En particulier, le système de transport routier subit de nombreux changements tant du point de vue de ses infrastructures que des moyens de transport et des technologies qui les composent. Les différentes composantes de ce système (route, rails, tunnels, etc.) doivent assurer un niveau de sécurité à leurs utilisateurs (Amberg, 2006).
La sécurité routière représente un enjeu humain essentiel. Pour améliorer cette
situation, de nombreux auteurs recommandent d’agir sur l’ensemble du système et ses trois composantes : le véhicule - les usagers de la route (dont le conducteur) - la route et son environnement. Cette amélioration passe par la mise en œuvre de méthodes et de techniques gérée par l’ensemble de la communauté routière (services routiers, maîtres d’ouvrages, gestionnaires, etc.). « La sécurité routière […] est un domaine où l’on
progresse constamment par l’expérience, par la capitalisation des connaissances, par l’évaluation des démarches mises en œuvre. » (Chambon, 2008, p. 1)
Le retour d'expérience est un outil relativement récent développé pour améliorer la sécurité des systèmes complexes à risques (aviation, nucléaire, ferroviaire, etc.). Il peut être défini comme l’analyse des mécanismes, de leurs interactions et de leurs influences sur le déroulement de l’événement. Le retour d’expérience intègre le partage des expériences entre les différents acteurs de l’évènement. Il donne matière aux organisations pour progresser dans la gestion des risques et s’applique aussi bien aux situations réelles qu’aux exercices de sécurité.

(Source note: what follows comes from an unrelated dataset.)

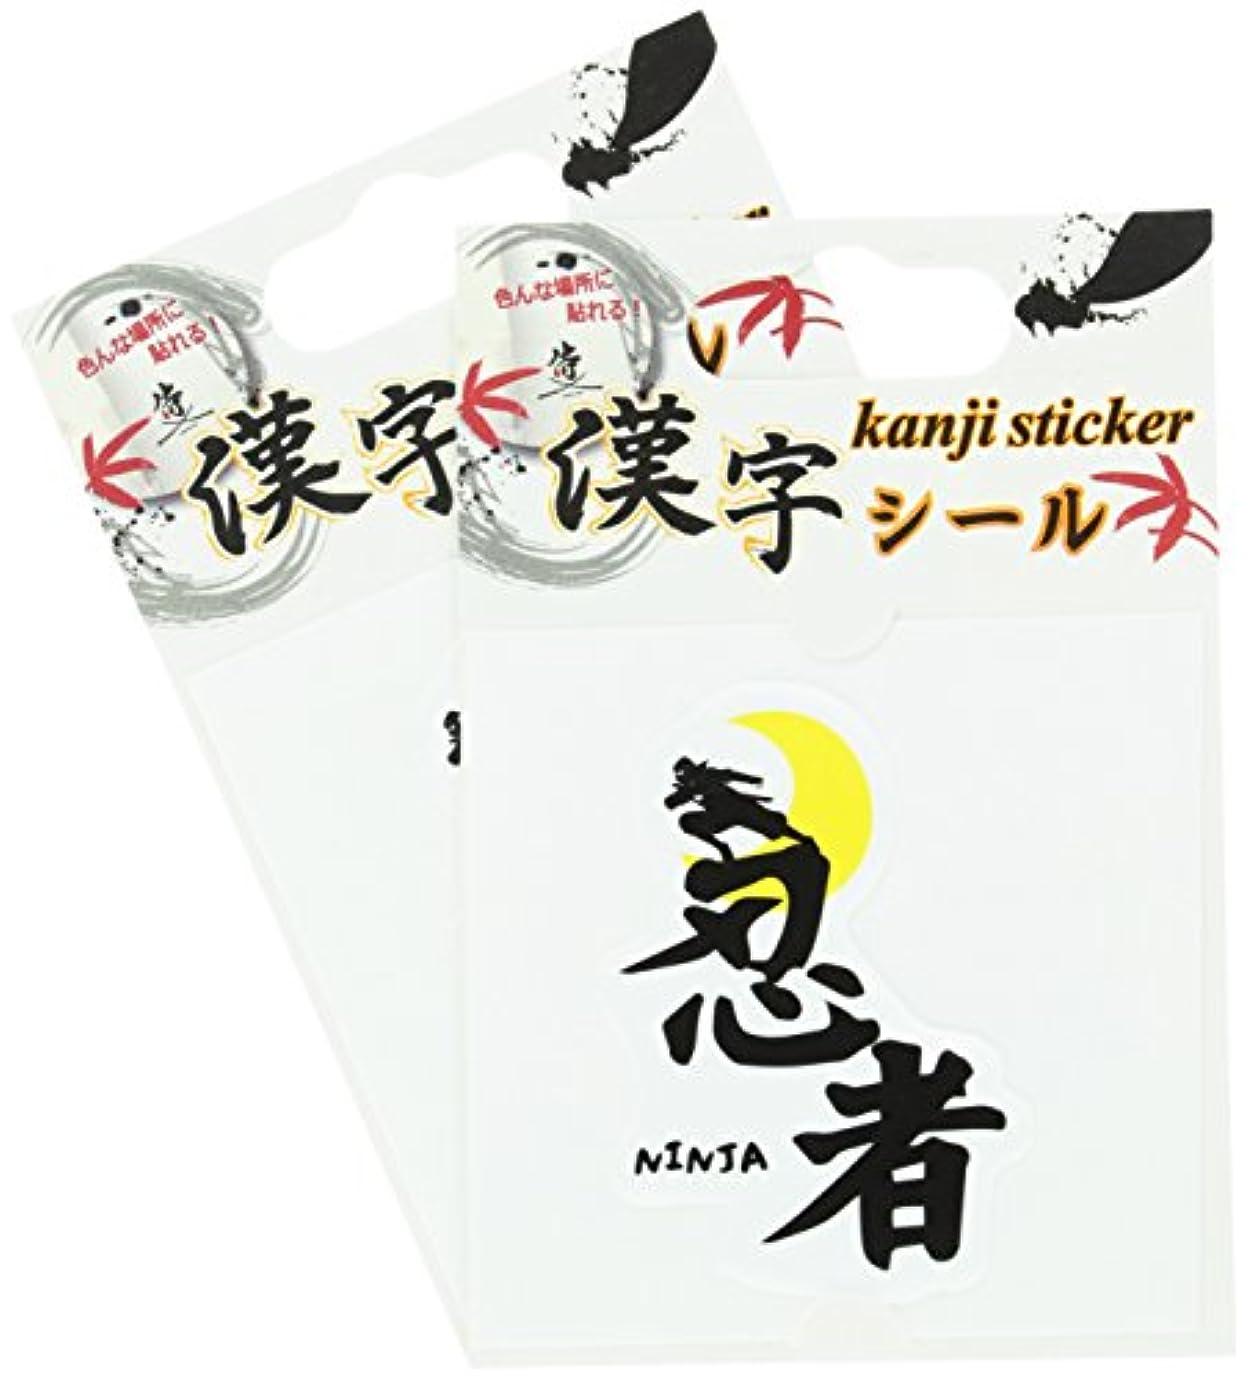 スリーブ輝く遺伝的漢字シール 忍者 2枚セット
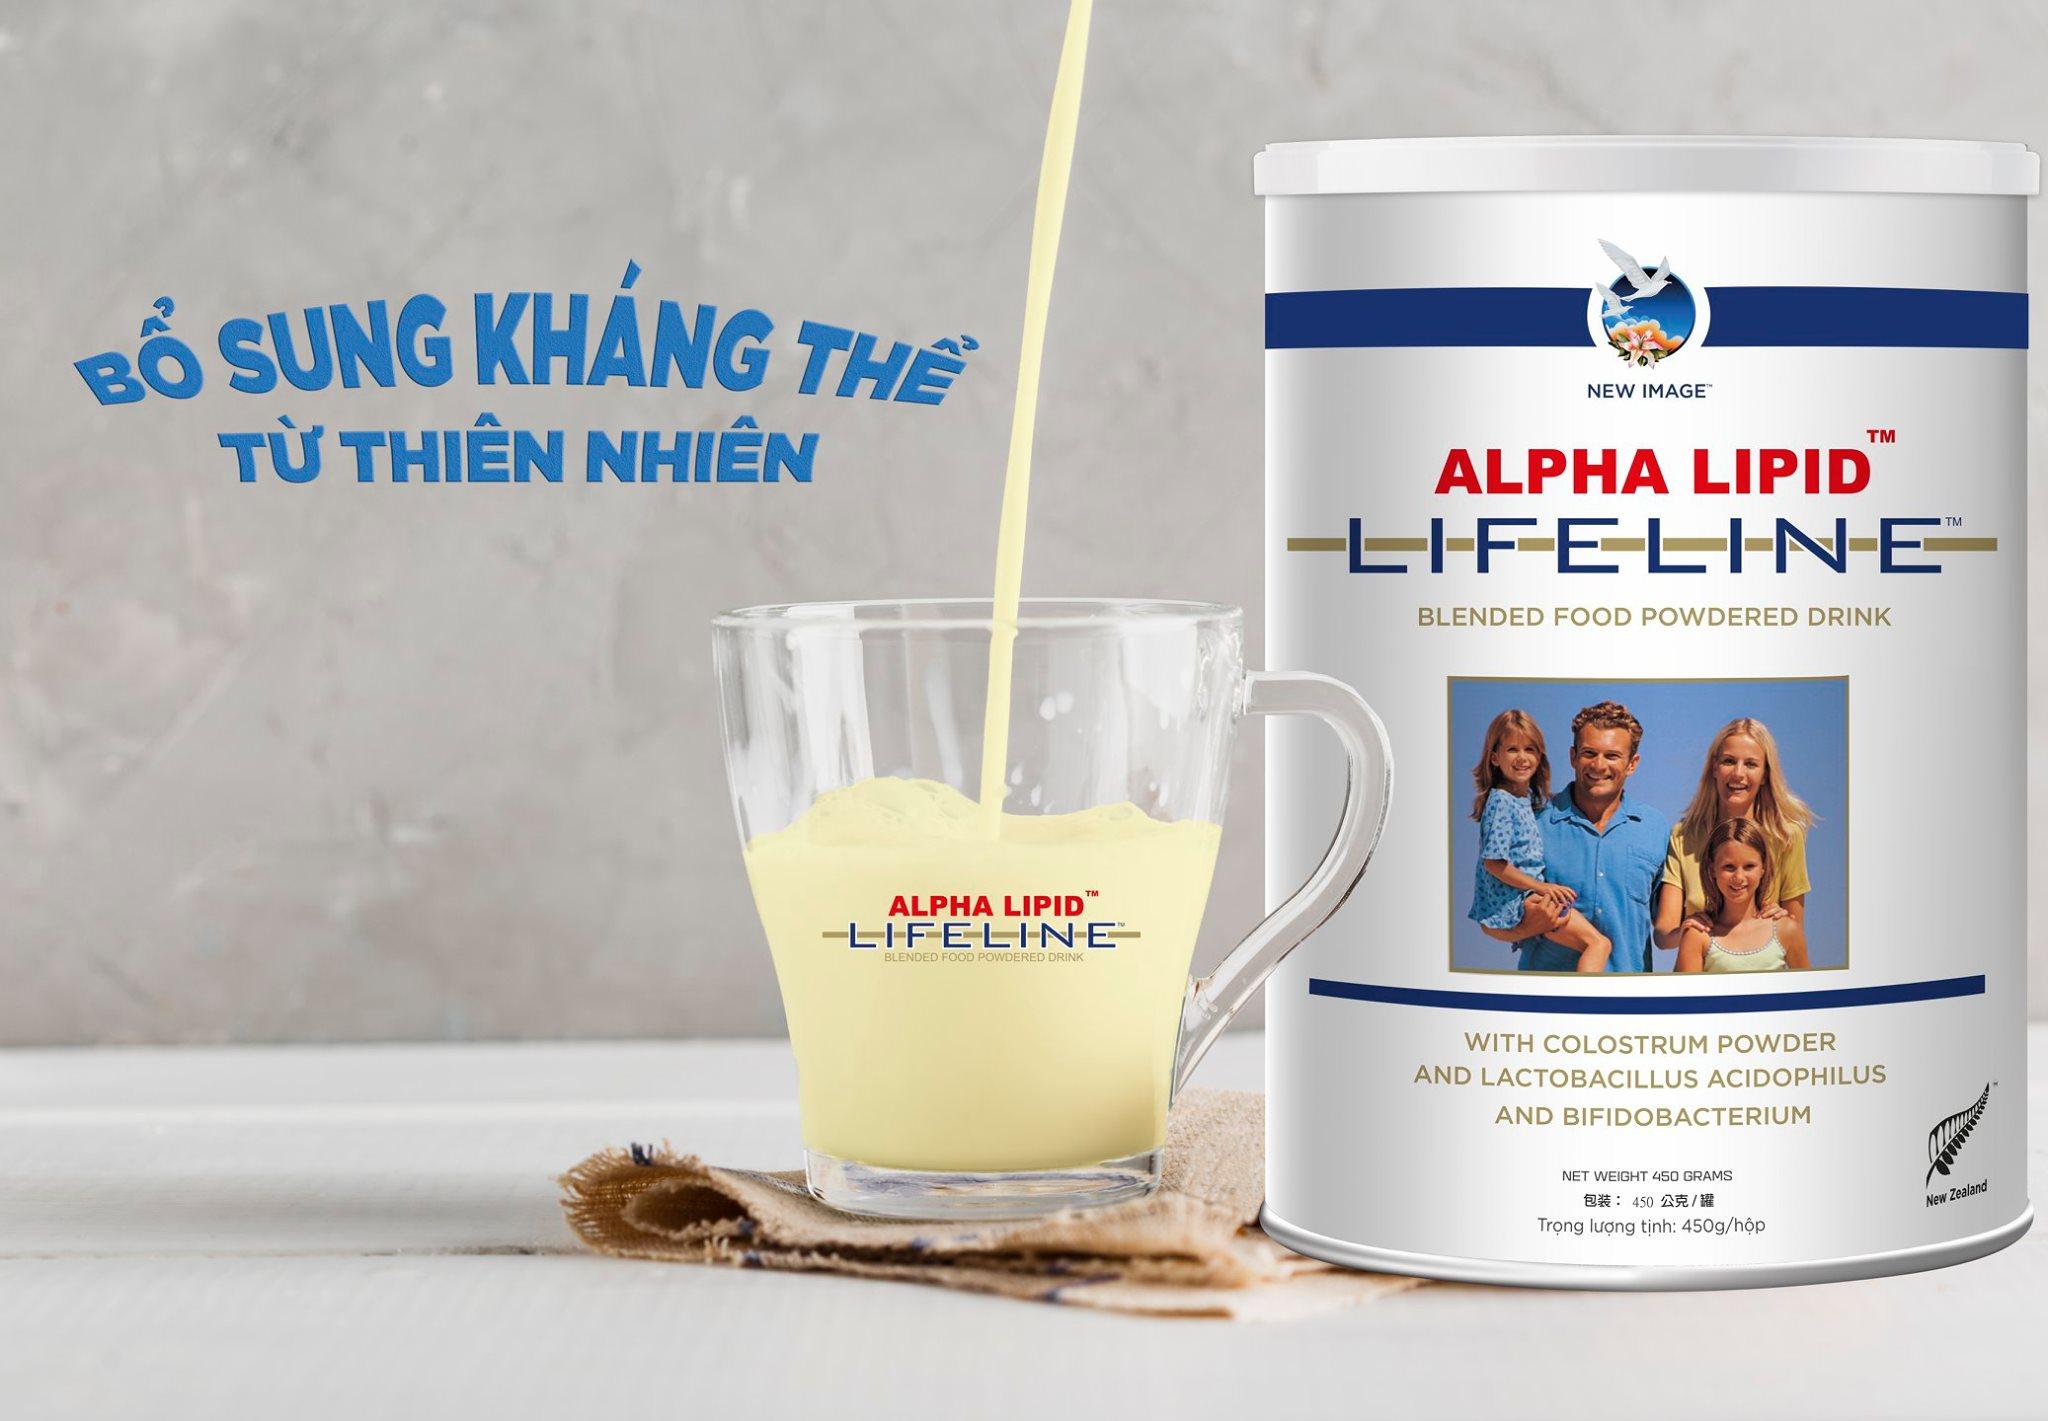 Sữa non Alpha Lipid giá bao nhiêu tại Việt Nam

Depuis plusieurs années, les chercheurs et les professionnels de nombreuses disciplines scientifiques (psychologie, ergonomie, etc.) s’interrogent sur le comportement des personnes face aux situations de danger et aux risques que ces dernières représentent. Ainsi, de nombreux travaux ont été réalisés sur ce sujet et ont permis de réels progrès en matière de sécurité. Pour atteindre un niveau de sécurité élevé dans les systèmes socio-techniques, le retour d’expérience est de plus en plus utilisé. D’après Wybo (2002), le
retour d’expérience est devenu un des moyens d’éclairer, au travers de l’analyse fine des événements et des décisions, les comportements des sous-systèmes technique, humain et organisationnel en présence de situations imprévues.
Audrey Auboyer_Thèse 2009 Introduction
La sécurité en tunnel routier
Qu'ils soient consécutifs à un accident ou non, en raison de l'espace restreint et du caractère confiné du milieu, les incendies de véhicule en tunnel routier peuvent prendre rapidement des proportions catastrophiques en nombre de vies humaines. Ceci peut être illustré par les incendies du tunnel du Mont-Blanc (France), du tunnel du Tauern (Autriche) et du tunnel du St Gothard (Suisse) qui se sont déroulés entre 1999 et 2001 et qui ont coûté la vie à une soixantaine de personnes.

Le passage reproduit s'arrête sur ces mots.